Measuring Platform Success

A platform you can't measure is a platform you can't improve or justify. The default metrics framework is DORA, collected automatically by Apache DevLake and visualized in Grafana.

Why measure

Industry signal: a large share of platform teams don't measure success at all, yet leading adopters report markedly faster time to market. Without measurement you can't identify bottlenecks, make data-driven decisions, validate investment, or demonstrate ROI. DORA gives a vocabulary both engineers and business leaders understand.

The four DORA metrics

MetricQuestionAxis
Deployment FrequencyHow often do we release to prod?Velocity
Lead Time for ChangesCommit → production, how long?Velocity
Change Failure Rate% of deploys causing incidentsStability
Recovery TimeTime to restore after an incidentStability

Balance matters: velocity (frequency, lead time) and stability (failure rate, recovery). Healthy platforms move lead times from weeks to hours and failure rates from ~20% to under 5% while keeping recovery fast.

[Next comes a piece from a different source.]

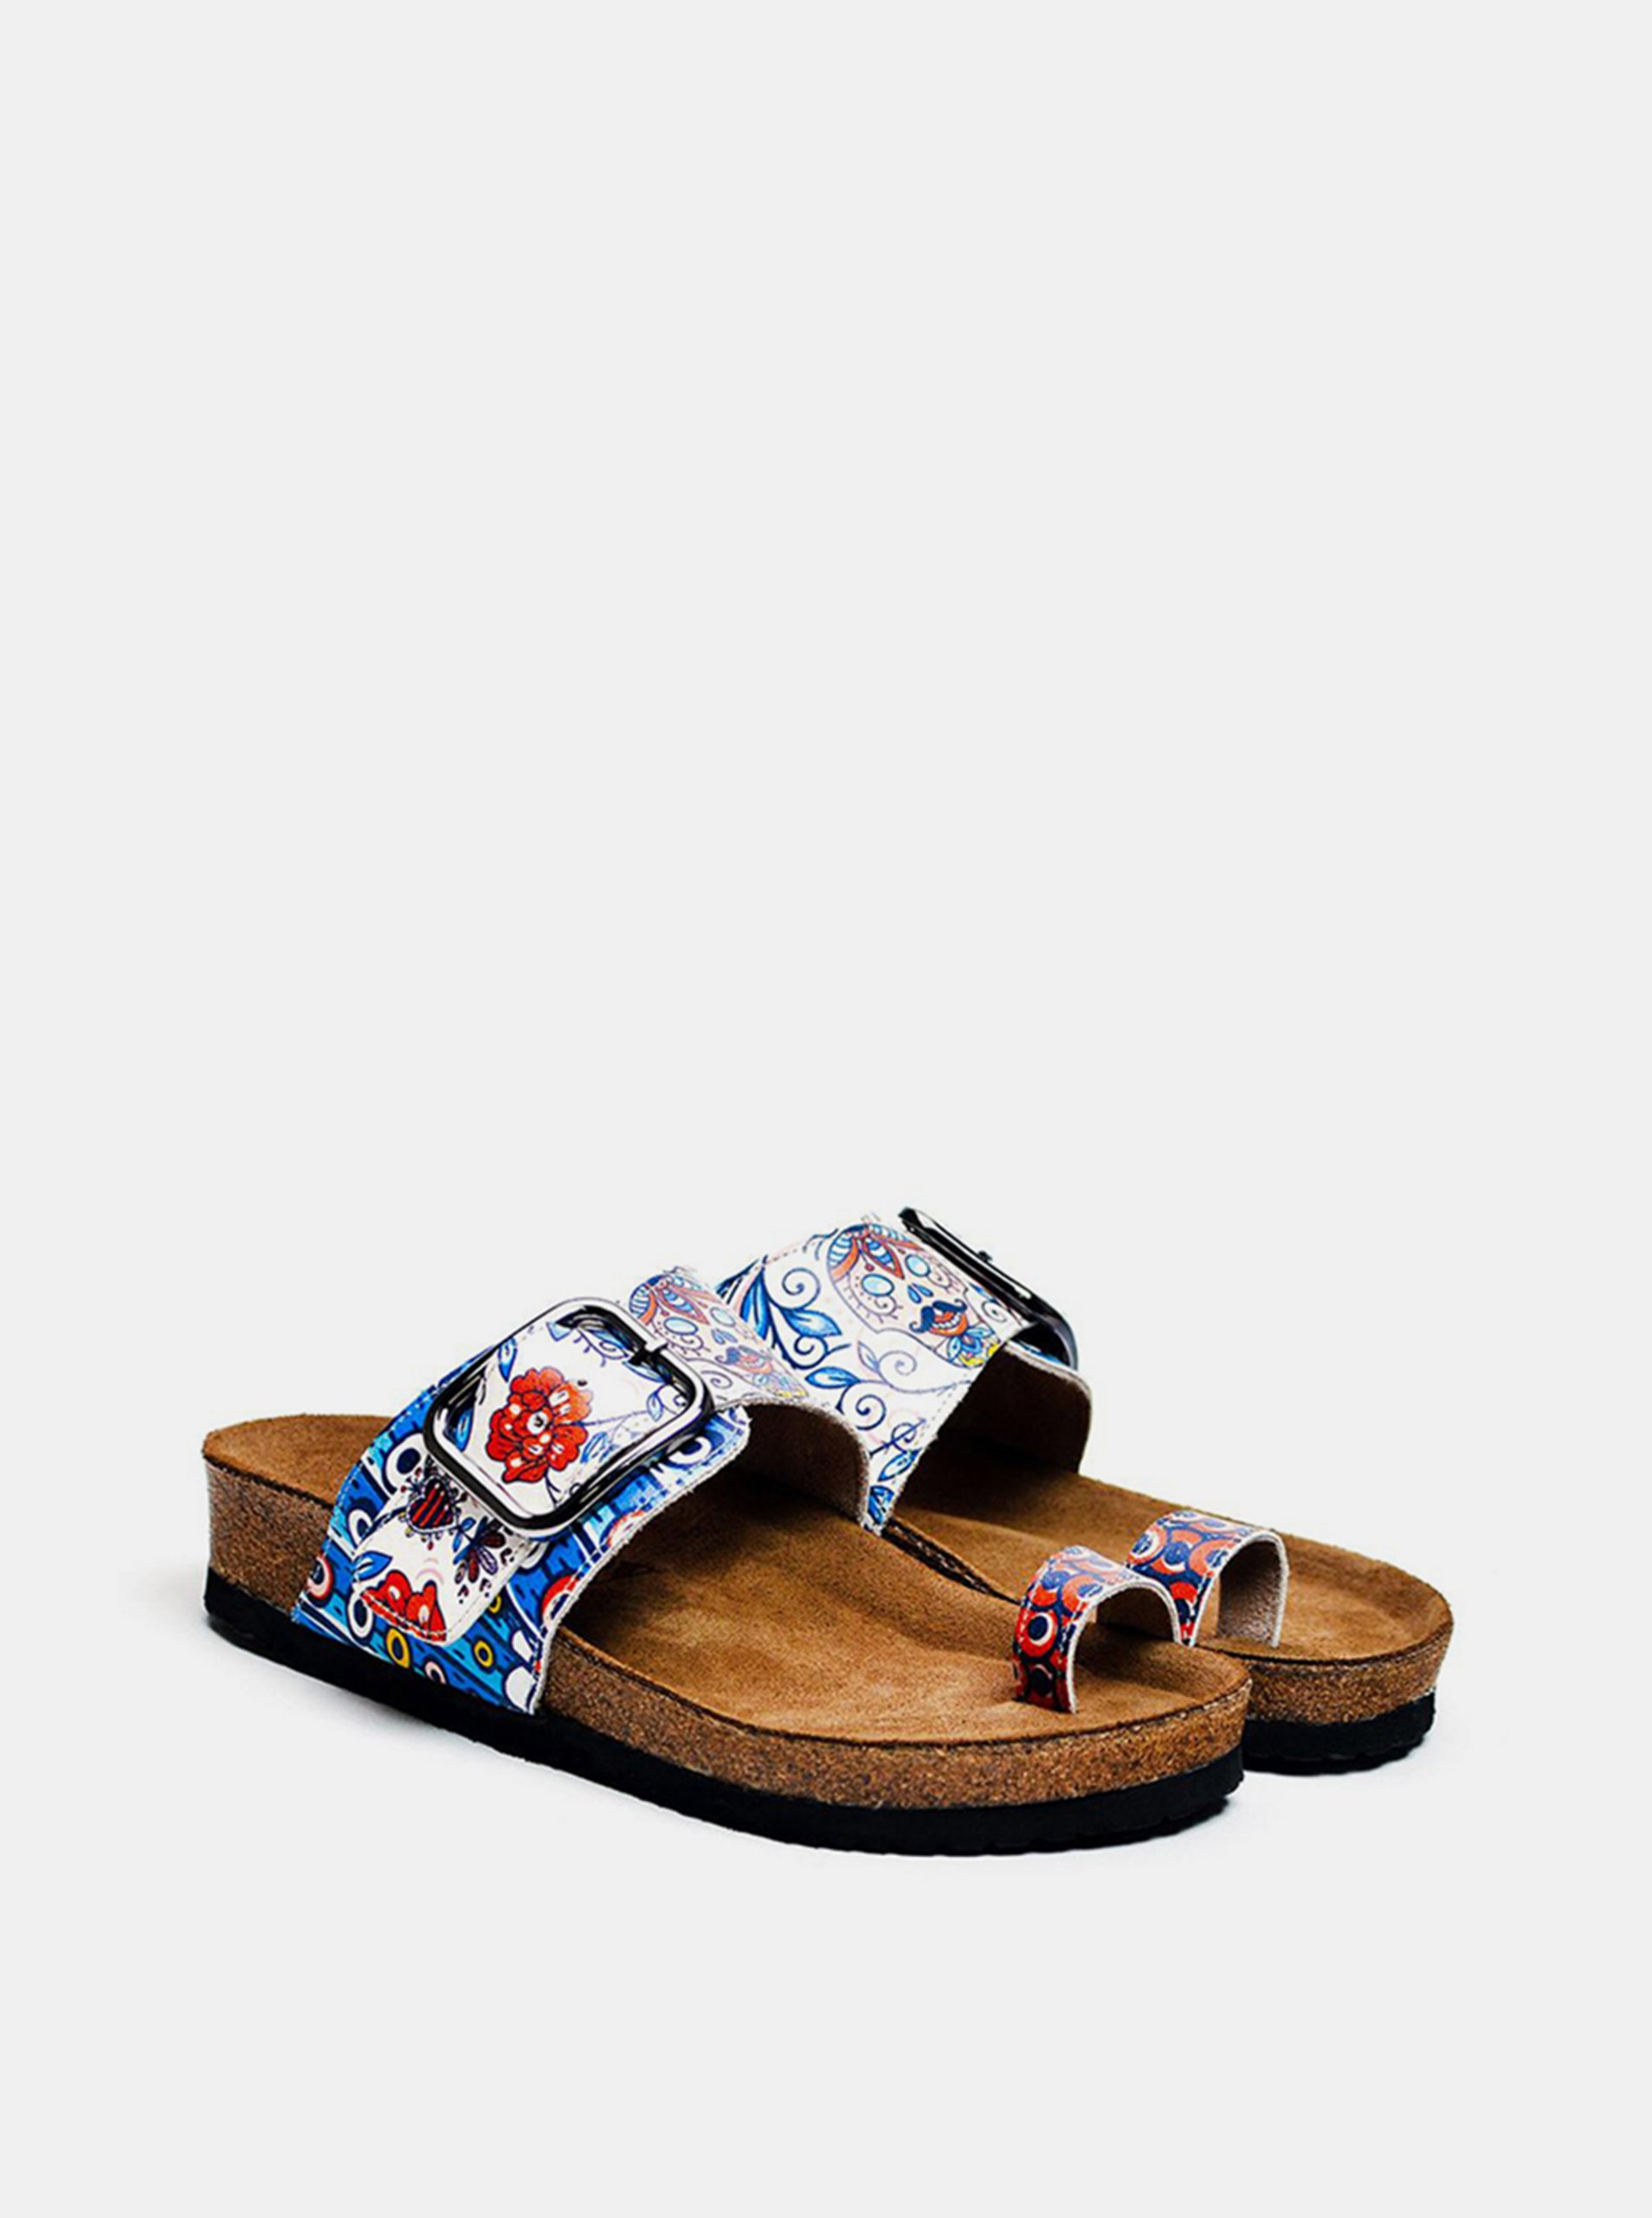 E-shop Calceo modré pantofle Thong Sandals Blue Dream

Apache DevLake — the measurement engine

  • Purpose-built for DORA, with standardized, industry-aligned calculations.
  • Integrates across the toolchain (Git, CI/CD, deployment, issue tracking).
  • Automated collection (no manual data gathering), historical trending, and cross-team comparison.

Platform integration (how the data flows)

GitLab webhooks (commits, PRs, issues) ┐
Argo Workflows (deployment events) ├─▶ Apache DevLake ─▶ Grafana DORA dashboards
Argo Rollouts (deploy success/failure) ┘ (calculates + stores)
  • Argo Workflows processes deployment/measurement events.
  • Argo Rollouts signals whether a deploy succeeded.
  • DevLake computes and stores the four metrics.
  • Grafana renders DORA Overview + per-metric detail dashboards.

Zero-overhead, self-service measurement

The key design choice: measurement is wired in when a team onboards via Backstage. Creating the CI/CD pipeline also deploys the DORA tracking workflows and the GitLab webhook event managers. Teams get measured simply by using the platform — no extra tooling or process. This is what makes DORA sustainable rather than a one-off audit.

Using the metrics as a platform team

  • Identify bottlenecks (e.g. long lead time → CI is slow; high failure rate → weak gates).
  • Make data-driven roadmap decisions and validate that a platform change actually helped.
  • Demonstrate ROI to leadership in a shared language.
  • Compare/benchmark teams to spread the best golden paths.